O deputado Gustavo Gayer também publicou um vídeo afirmando que o Banco do Brasil, Bradesco e a Caixa Econômica Federal corriam risco. Procurados, Bradesco e Caixa não comentaram. O Banco do Brasil emitiu nota informando que acompanha publicações inverídicas e maliciosas com o objetivo de gerar pânico e que tomará medidas legais para proteger sua reputação. O banco também enviou um ofício à Advocacia-Geral da União (AGU) alegando difusão de notícias falsas por Eduardo Bolsonaro, o que levou a AGU a apresentar notícia-crime à Polícia Federal.
O Drex sob ataque e o legado do Pix
A desinformação não poupa o Drex. O influenciador Marcos Trombetta, com 148 mil seguidores, alertou em um vídeo que o Drex aprisionaria financeiramente os brasileiros, tornando o dinheiro “100% rastreável” e permitindo que autoridades tivessem “total controle sobre onde você gasta, como você gasta, quanto você ganha e a hora em que eles puderem tirar de sua conta bancária”. Trombetta, que se apresenta como professor e mentor, vende cursos sobre como construir uma “nova realidade usando o poder” da mente e livros sobre Finanças.
O Drex, desenvolvido pelo Banco Central desde 2020, é a versão digital do real. Ele não substituirá o dinheiro em espécie, mas oferecerá uma opção adicional para transações, com foco inicial em grandes operações financeiras, proporcionando mais segurança. Cerca de 130 países exploram projetos semelhantes. No entanto, o agrônomo Vanderlei Campos Jr., com 1,2 milhão de seguidores, propagou um vídeo falso afirmando que o Drex limitaria o uso de benefícios sociais a estabelecimentos próximos à residência do beneficiado, algo que não faz parte do projeto. Ele retirou o vídeo do ar após ser procurado.
O Pix, lançado em 2020, também já foi alvo de ataques. Em janeiro, o deputado Nikolas Ferreira publicou um vídeo sobre a taxação do Pix e o monitoramento de transações acima de R$ 5 mil, o que, segundo ele, prejudicaria trabalhadores informais. A repercussão levou o governo a recuar em medidas de aumento da fiscalização. Amarildo Filho, candidato a deputado estadual em Goiás, também afirmou em um vídeo visto por mais de 300 mil pessoas que o Drex era mais assustador que o acesso da Receita Federal às informações do Pix, e que o real digital acabaria com o dinheiro em espécie.

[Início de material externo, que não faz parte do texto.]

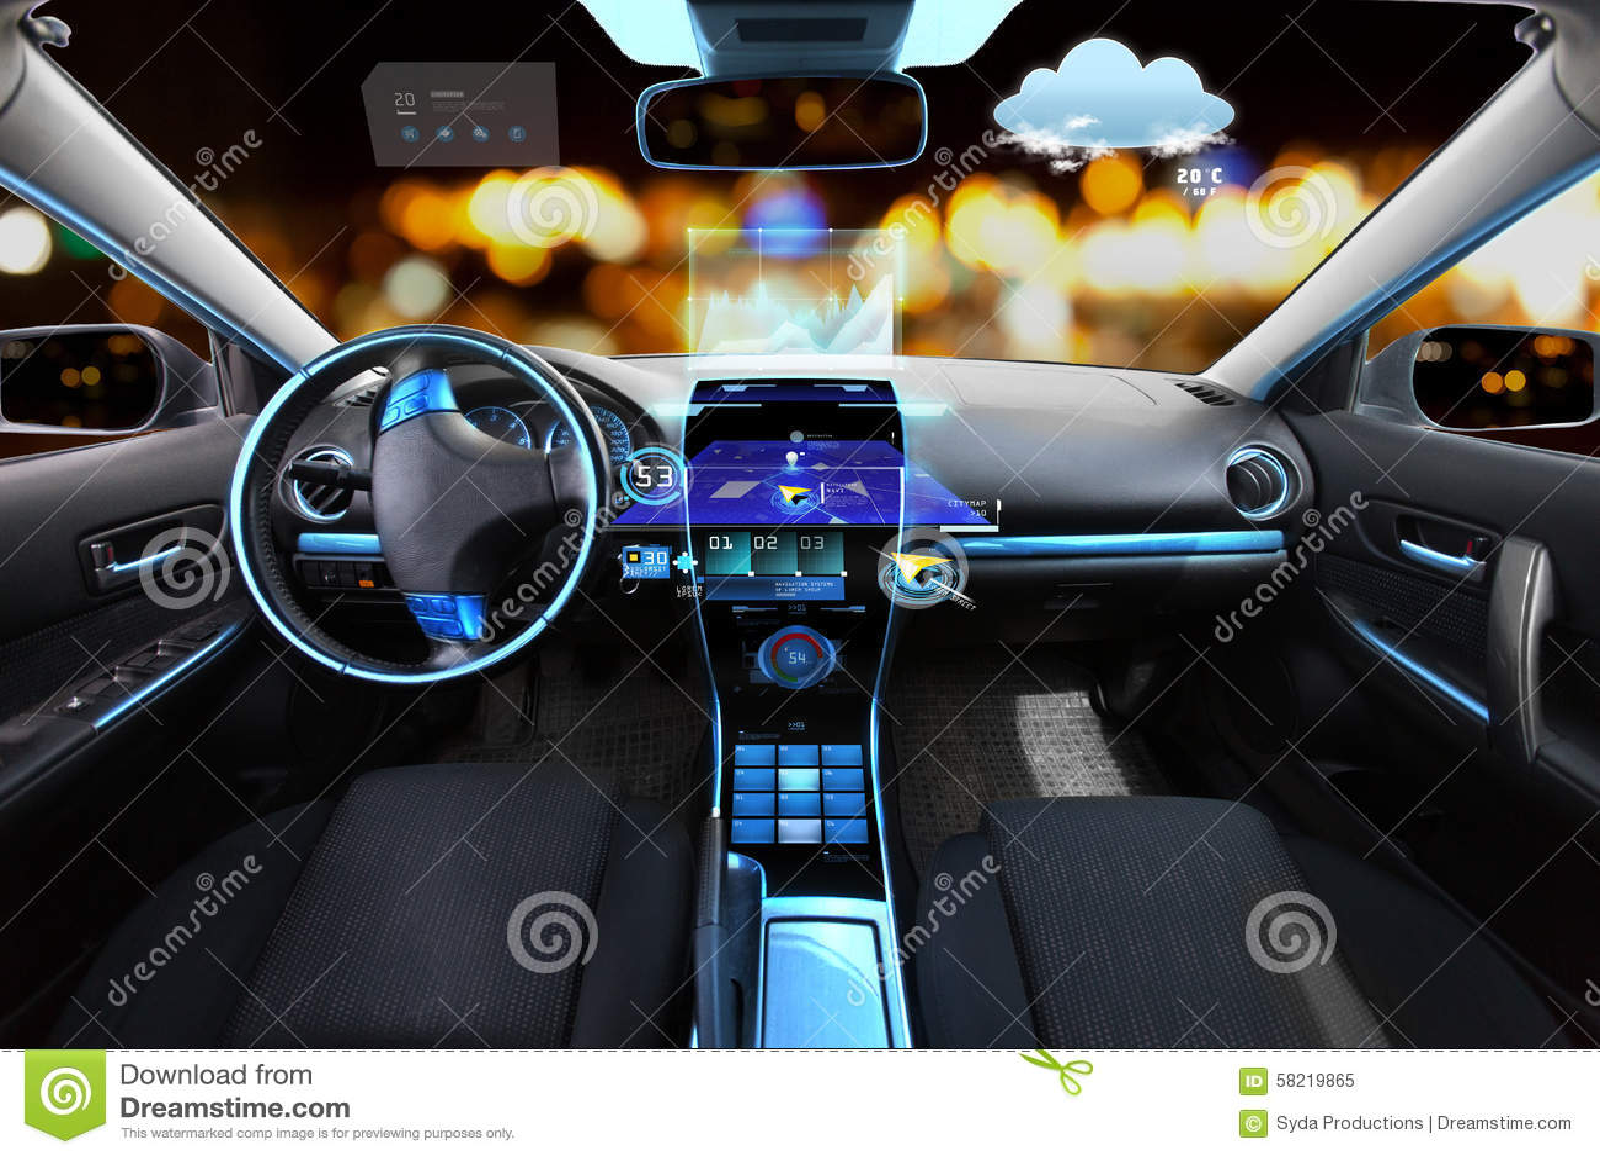 Best Buy Car Satellite Navigation

A discussão sobre o PL 4068 de 2020, que propõe o fim do dinheiro em espécie em cinco anos, também foi distorcida. O projeto, parado desde 2023, visava reduzir a informalidade, corrupção e lavagem de dinheiro, mas a narrativa disseminada falava em prisão para quem portasse mais de R$ 1.500 em espécie. A Federação Brasileira dos Bancos (Febraban) informou que a Confederação Nacional das Instituições Financeiras (FIn) está à frente do assunto, mas não quis comentar a onda de desinformação.